Torn from his civilized surroundings, Buck taps into his wild origins to become one of the most feared sled dogs in the territory, wresting leadership from a violent enemy, and learning to deal with humans, kind and unkind, all the while drifting back to his beginnings, a creature of the wild, surviving on his strength and cunning.

While this story is told primarily from the dog’s point of view, it also shows humans and their relationships; with each other, with the animals they can use but not tame, and with the unremitting, merciless wilderness.\If you’ve never read Jack London before, Call of the Wild is a good place to get your first taste of an author who knows how to take nature and those who would vainly try to tame it, and portray it in a way that makes you feel the bite of the wind-blown snow and the oppressive weight of the darkness that surrounds a campfire at night. You can hear the mournful howl of the wolves and the wail of the wind. And, in so doing, you will get a sense of man’s place in a universe that we can never fully comprehend—and, through the eyes of a dog, you will lean what it is to be human.
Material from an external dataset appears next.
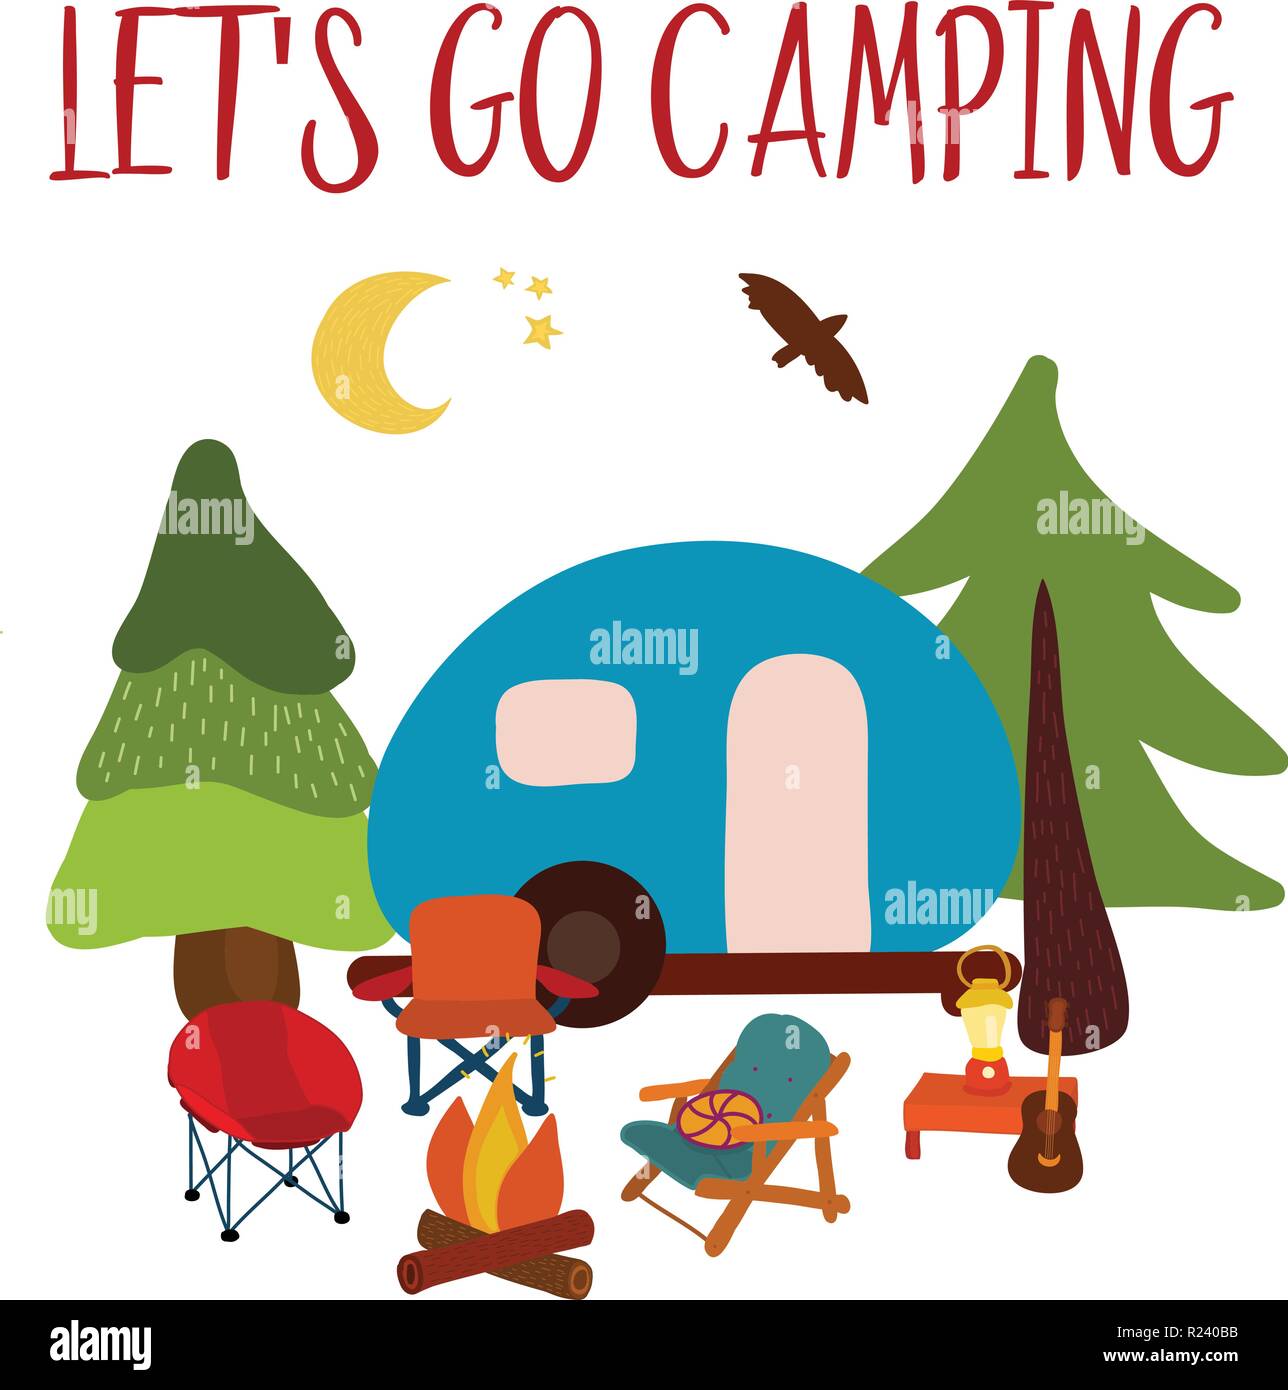 Let's go voyage camping - camping de l'été illustration vectorielle. Camping Blue van avec feu de camp, des chaises et de la guitare. Aventure en forêt. Scène de nuit de camp. Pour les cartes, affiche, publicité, décoration. Illustration de Vecteur

I give this one five stars — of course.

3 thoughts on “Review of ‘Call of the Wild’

    Yvonne Hertzberger said:
    September 30, 2017 at 1:33 pm

    My second favourite London book.

    Liked by 1 person

    dvberkom said:
    September 30, 2017 at 3:03 pm

    LOVED COTW. Jack London was a master. It amazes me that he had something like 600 rejections (he had to TYPE all those queries individually, mind you) from publishers before someone took a chance on him. I wonder what he would have done today with all the opportunities available to writers?